(INFORMATION PROVIDED begins)

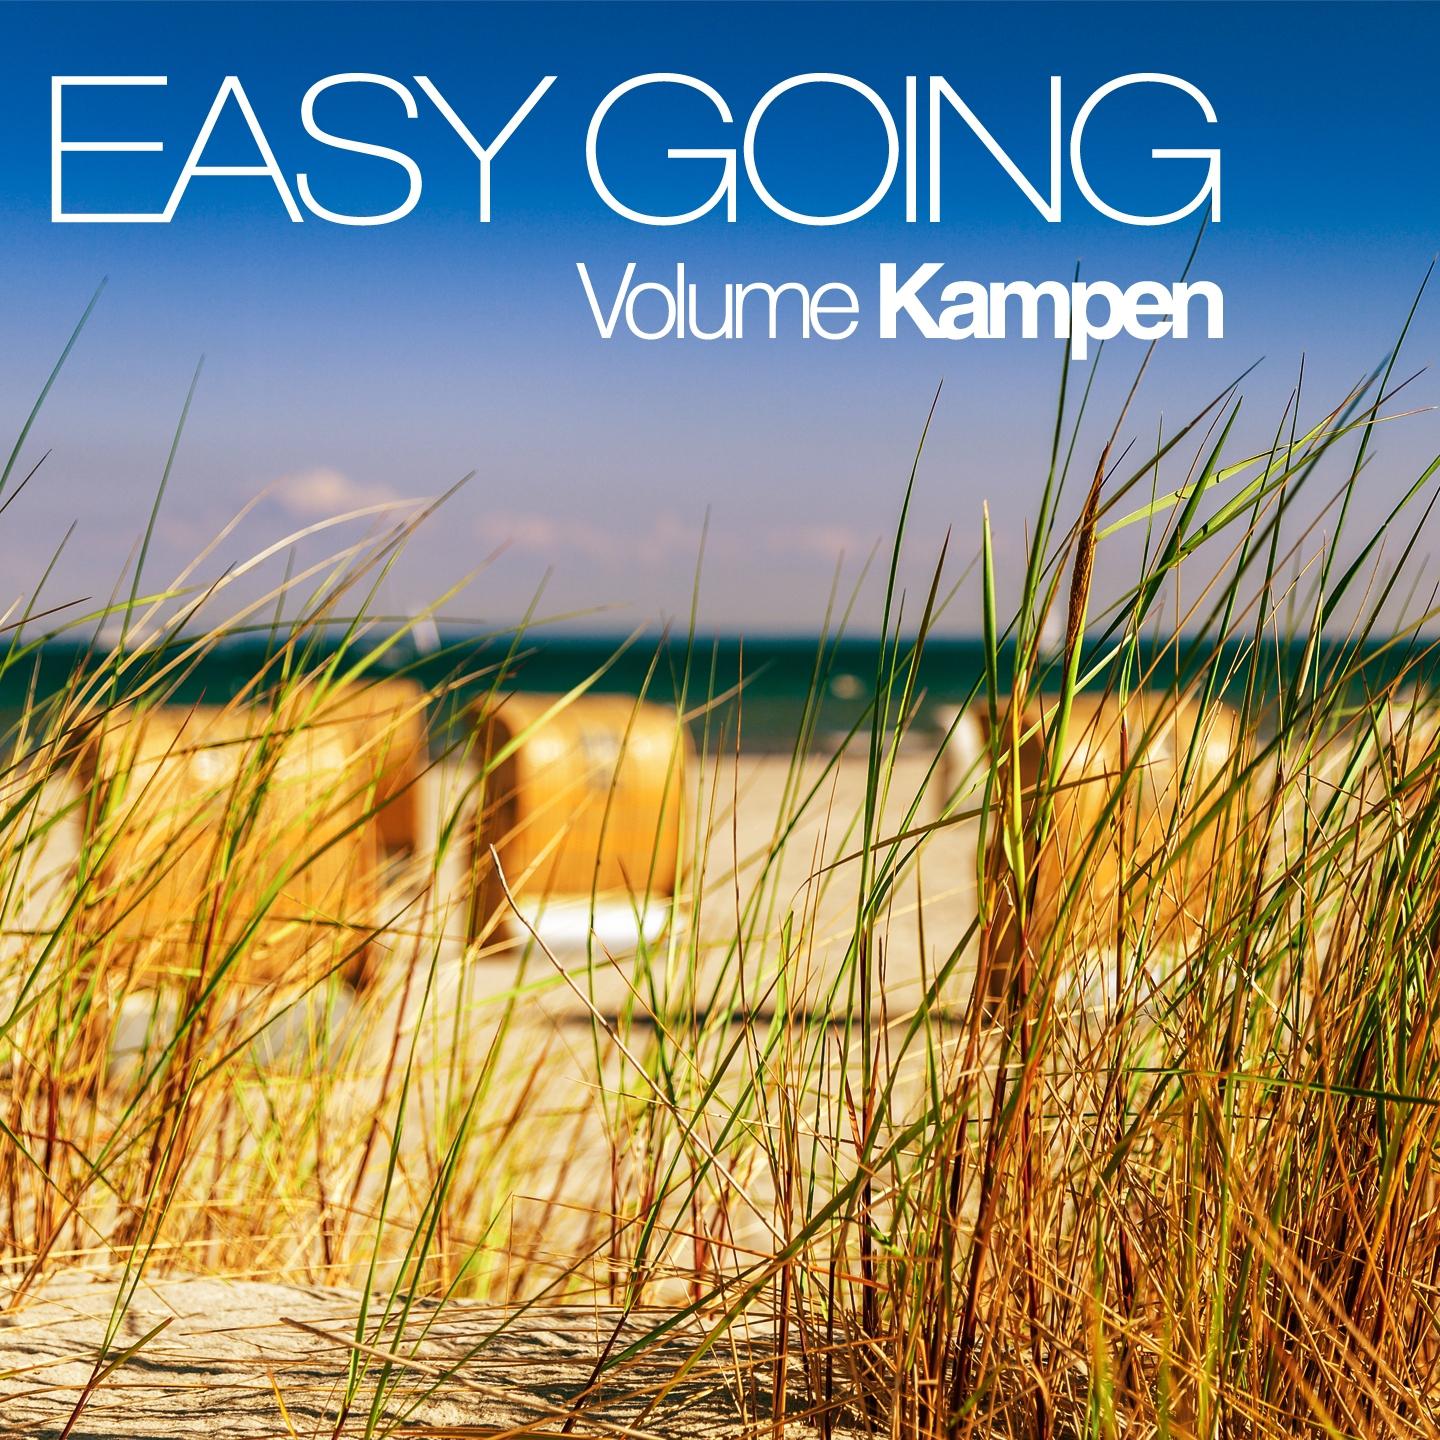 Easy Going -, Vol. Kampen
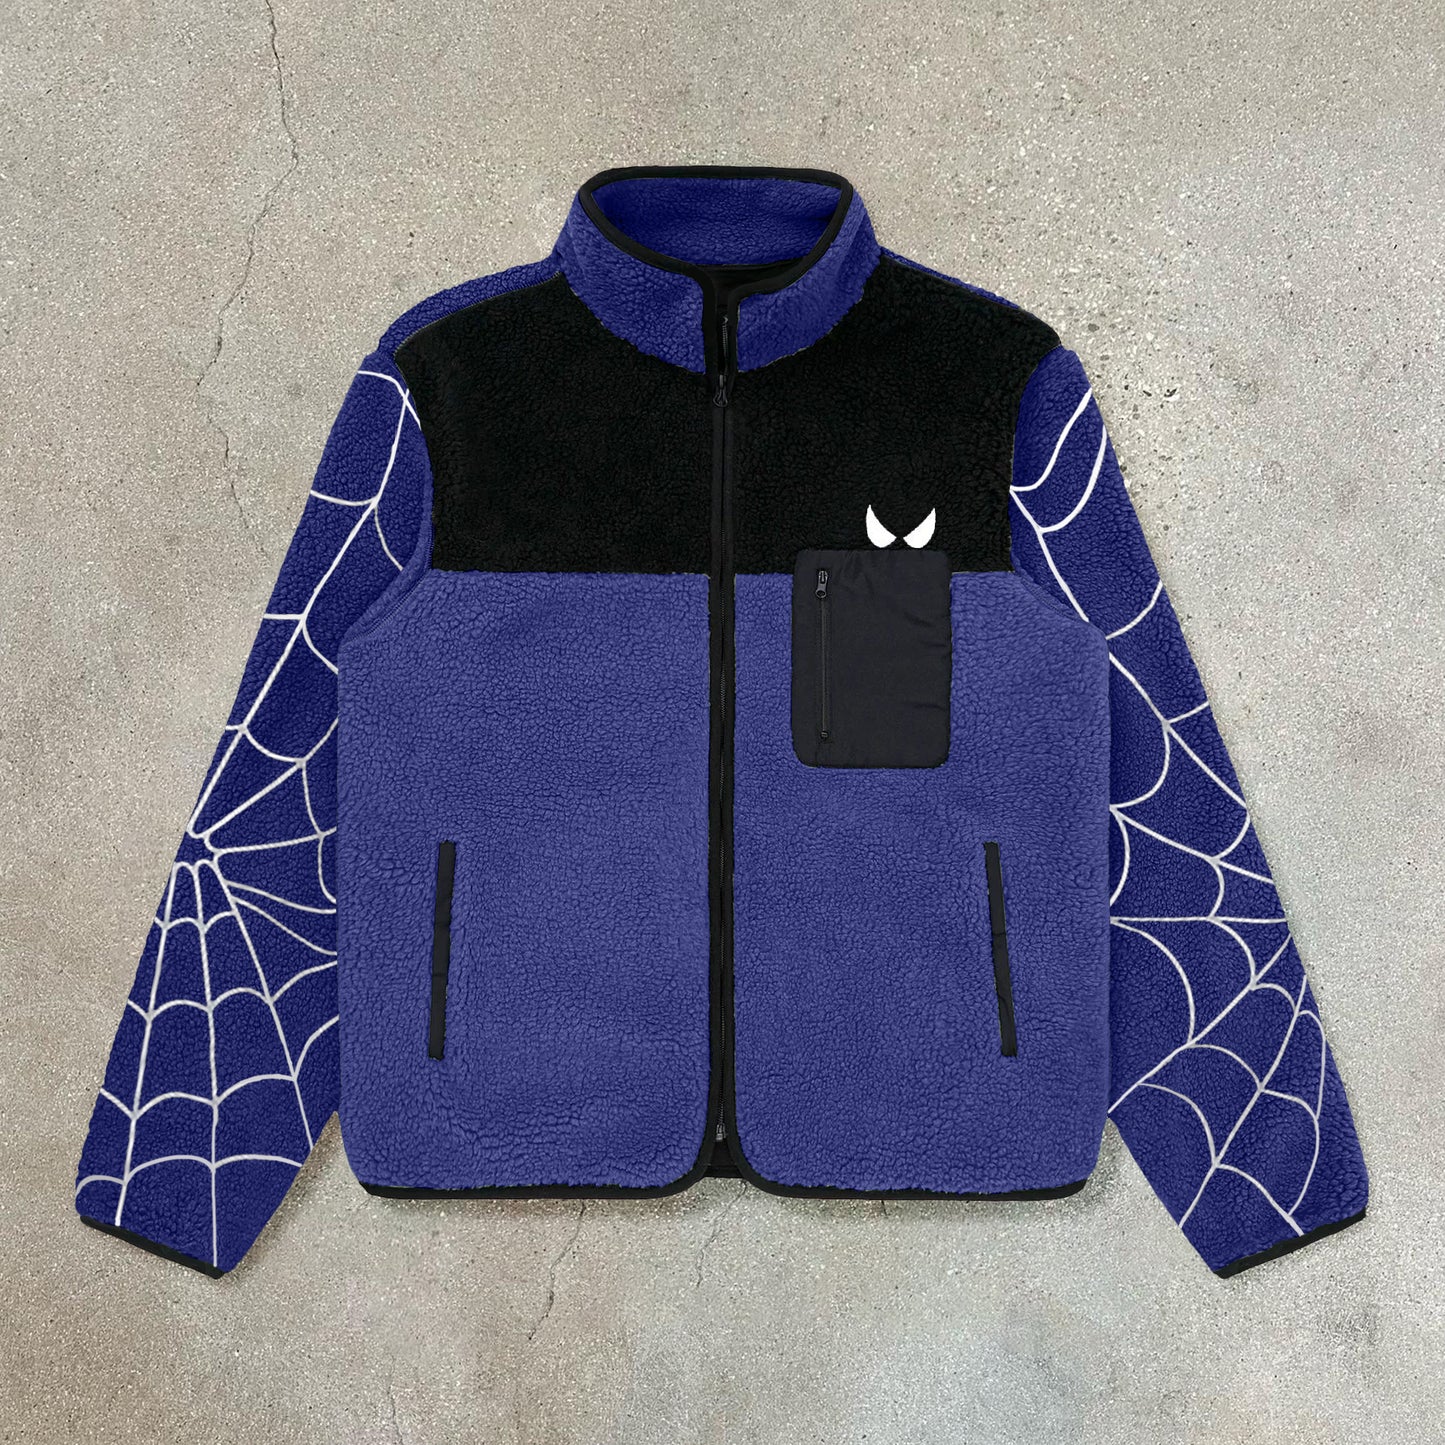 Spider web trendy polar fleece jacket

(INFORMATION PROVIDED ends)
(INFORMATION PROVIDED begins)

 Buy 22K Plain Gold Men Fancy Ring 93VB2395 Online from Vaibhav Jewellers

(INFORMATION PROVIDED ends)

WORK TO BE COMPLETED:
Among the entries above, find the line with "Easy Going -, Vol. Kampen" and repeat exactly from there through the line with "Spider web trendy polar fleece jacket", leaving out the pictures.

FINISHED TASK:
 Easy Going -, Vol. Kampen
 Spider web trendy polar fleece jacket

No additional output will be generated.